Starting at the line with "Passing the Guidon Pg. 4" and ending at the line with "20th Century Silver", print exactly the lines of the entries below. Pictures do not belong in the copy.

_ENTRIES SUPPLIED_
______
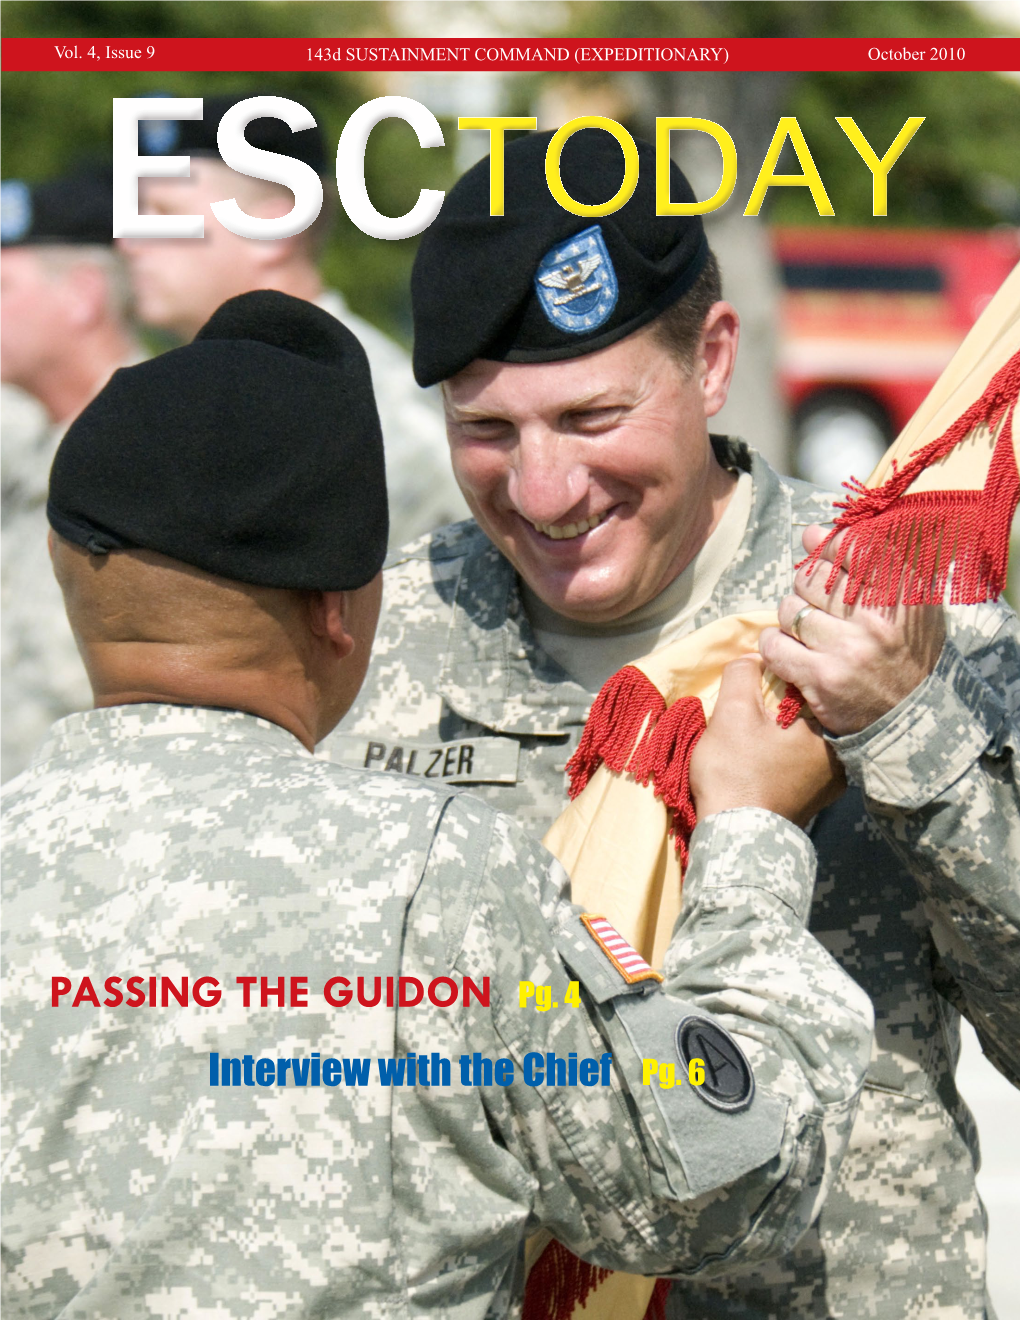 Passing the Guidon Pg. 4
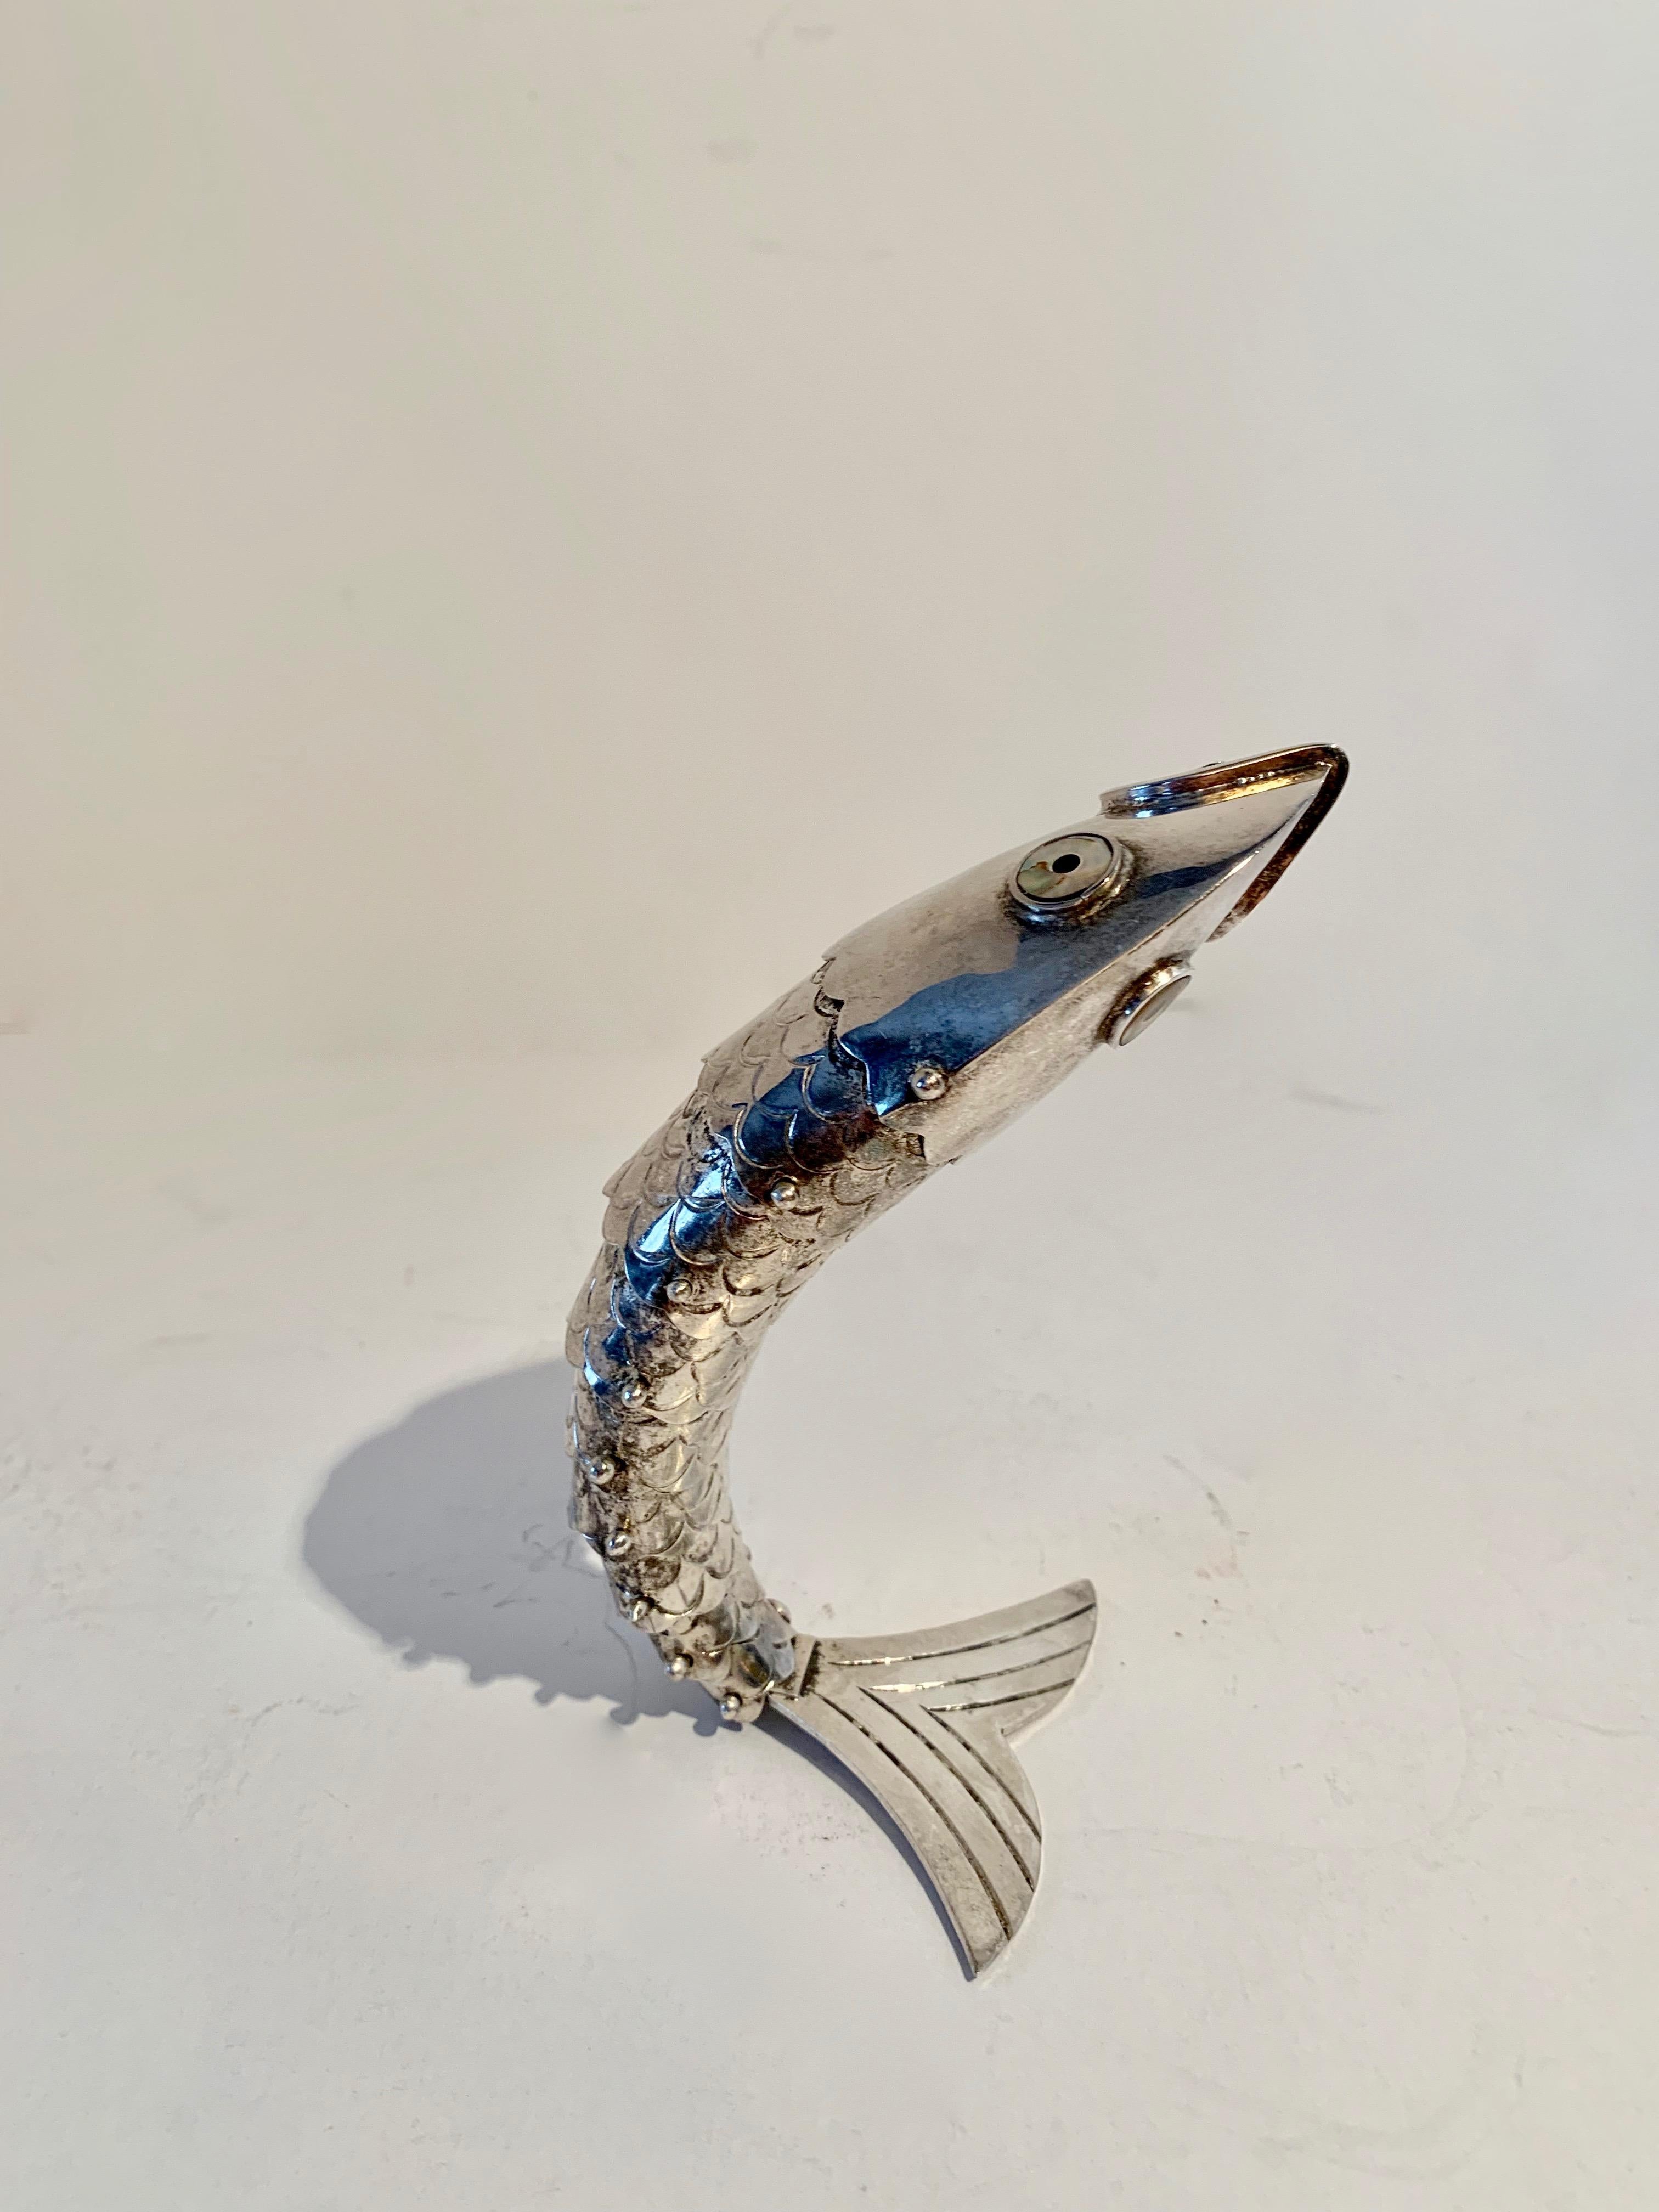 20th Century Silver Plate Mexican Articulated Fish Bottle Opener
______
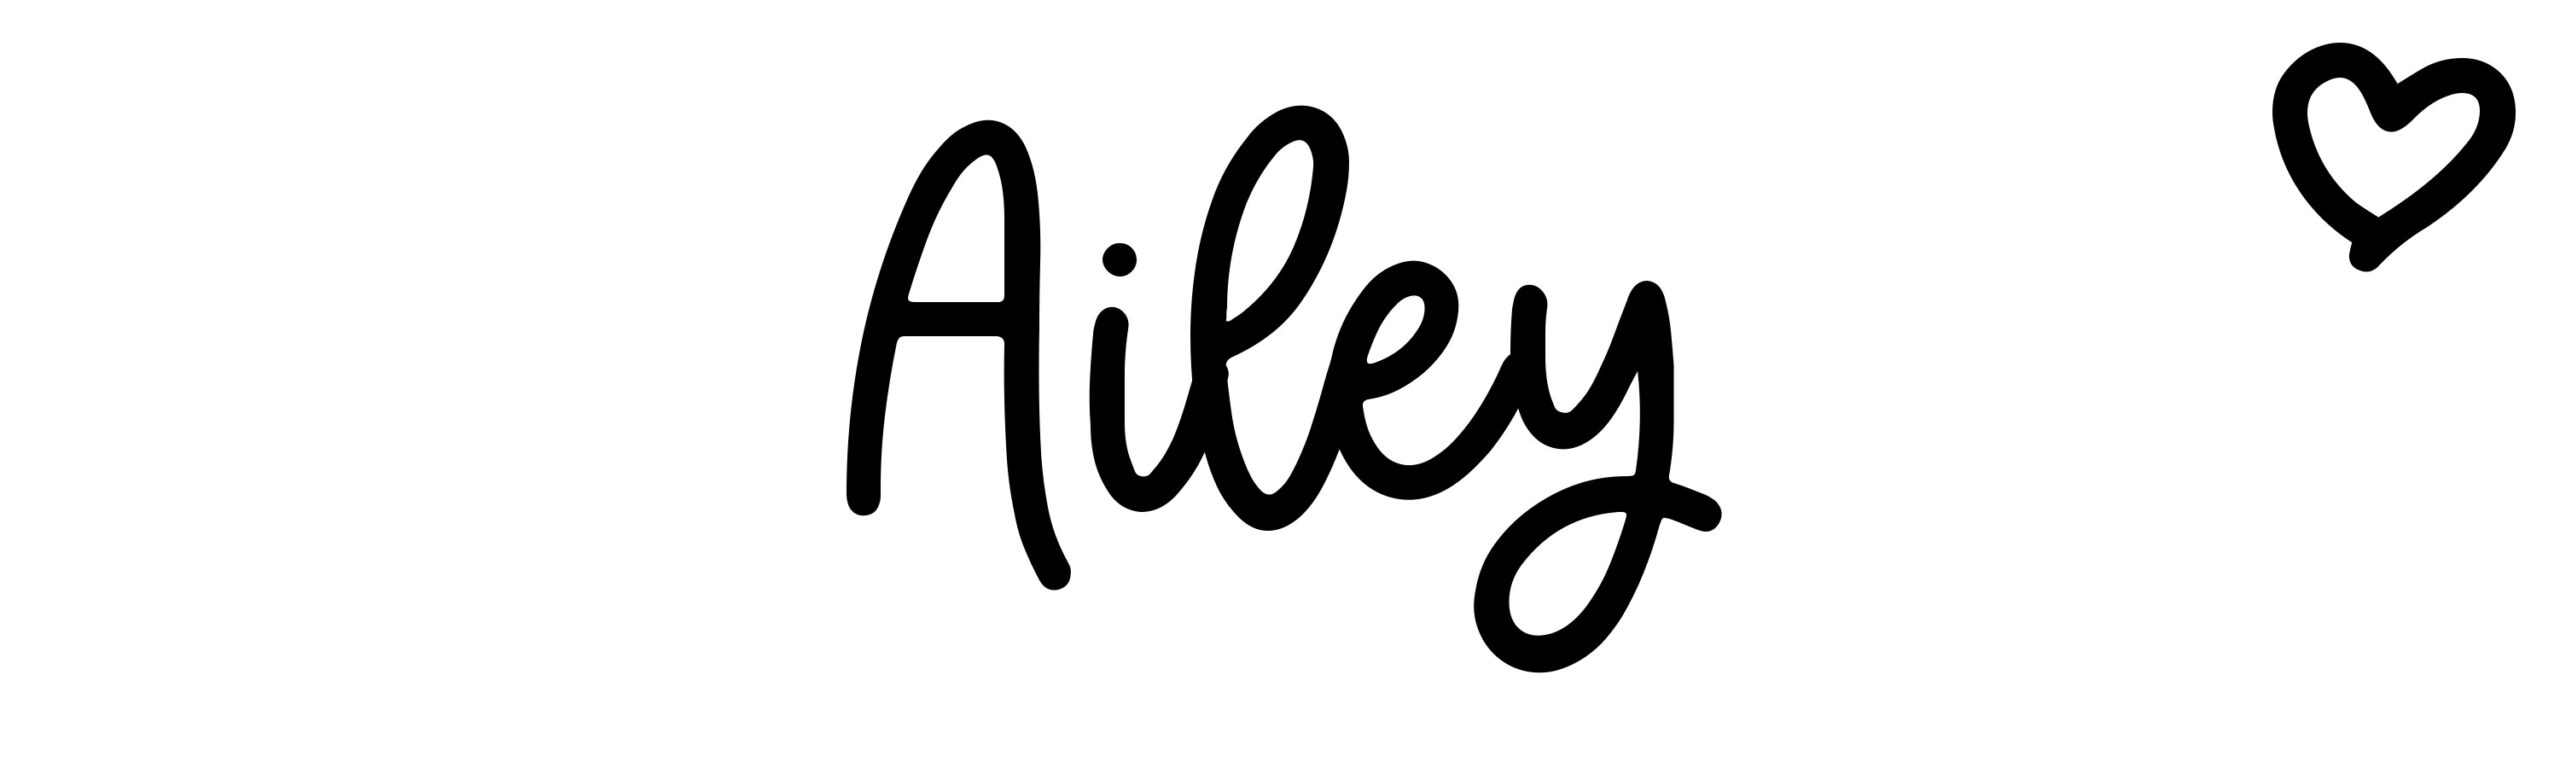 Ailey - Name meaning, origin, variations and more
______
_ANSWER TO THIS EXERCISE_
 Passing the Guidon Pg. 4
 20th Century Silver Plate Mexican Articulated Fish Bottle Opener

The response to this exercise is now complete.